Do not miss Russell's vital session, "The Industry Challenge for Responding to Insurance Fraud."

Worst Time to Plan? Post-Catastrophe

When a catastrophe strikes, claim adjusters are expected to be among the first people to arrive at the scene. They are a direct reflection of the policyholder's company. Making a good first impression and getting the claim off on the right foot is essential.

"The predictions for 2006 are pretty bad in terms of what [weather specialists] are expecting the hurricane season to be," said John Ketch, vice president, national sales manager for Crawford and Company. "The time to establish a relationship with an independent adjusting firm shouldn't be post-storm. There should be a relationship on the day-to-day business so that both the carrier and the independent can understand the needs, the policy, the handling, and any expectations prior to worse-case scenario following a disaster."

In his session at ACE America's Claim Event, entitled "Maximizing the Relationship Between Carrier and Independent Adjuster," Ketch will reinforce the fact that independent adjusters can do a lot for carriers -- if carriers allow them to.

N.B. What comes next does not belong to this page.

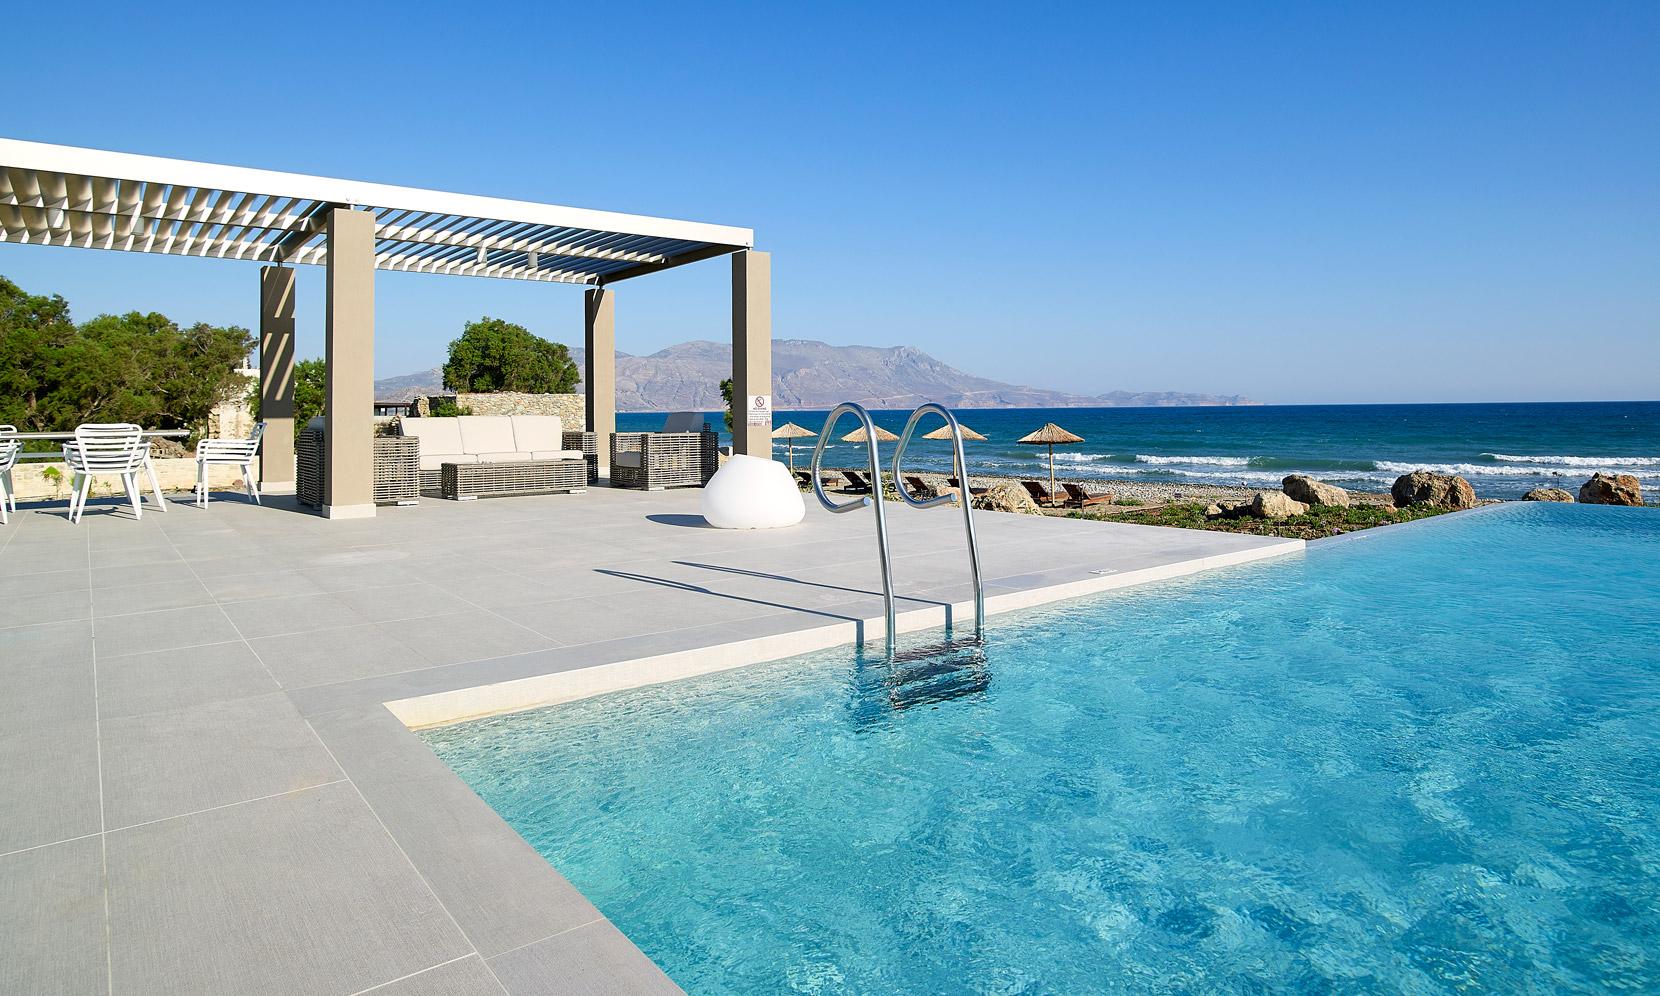 Crete Villa Acerol 1 jumbotron image

"There's certainly a lot of pre-planning that can go into that to assist the carrier and to understand what resources the independent can bring and what they can anticipate," he said. "[Independent adjusters] have the ability to tap into resources [carriers] may not have, local expertise in an area where the carrier may not have field staff, knowledge of the local market, including attorneys, contractors, whatever the case may be depending on the service or product line."

Most importantly, Ketch predicts staffing issues will continue to crop up as hurricane seasons continue to maintain their levels of severity. He recommends arranging for services prior to actual need to maintain a positive rapport with policyholders. "There is a limited amount of resources out there. There are only so many catastrophe and independent adjusters and, unfortunately, I would say the industry was pretty tapped out [last year]."

How does Ketch feel about presenting in New Orleans? "I think it sends a positive message to the folks in Louisiana and New Orleans that the insurance industry is here to assist in getting their lives put back together. I think it is a great idea."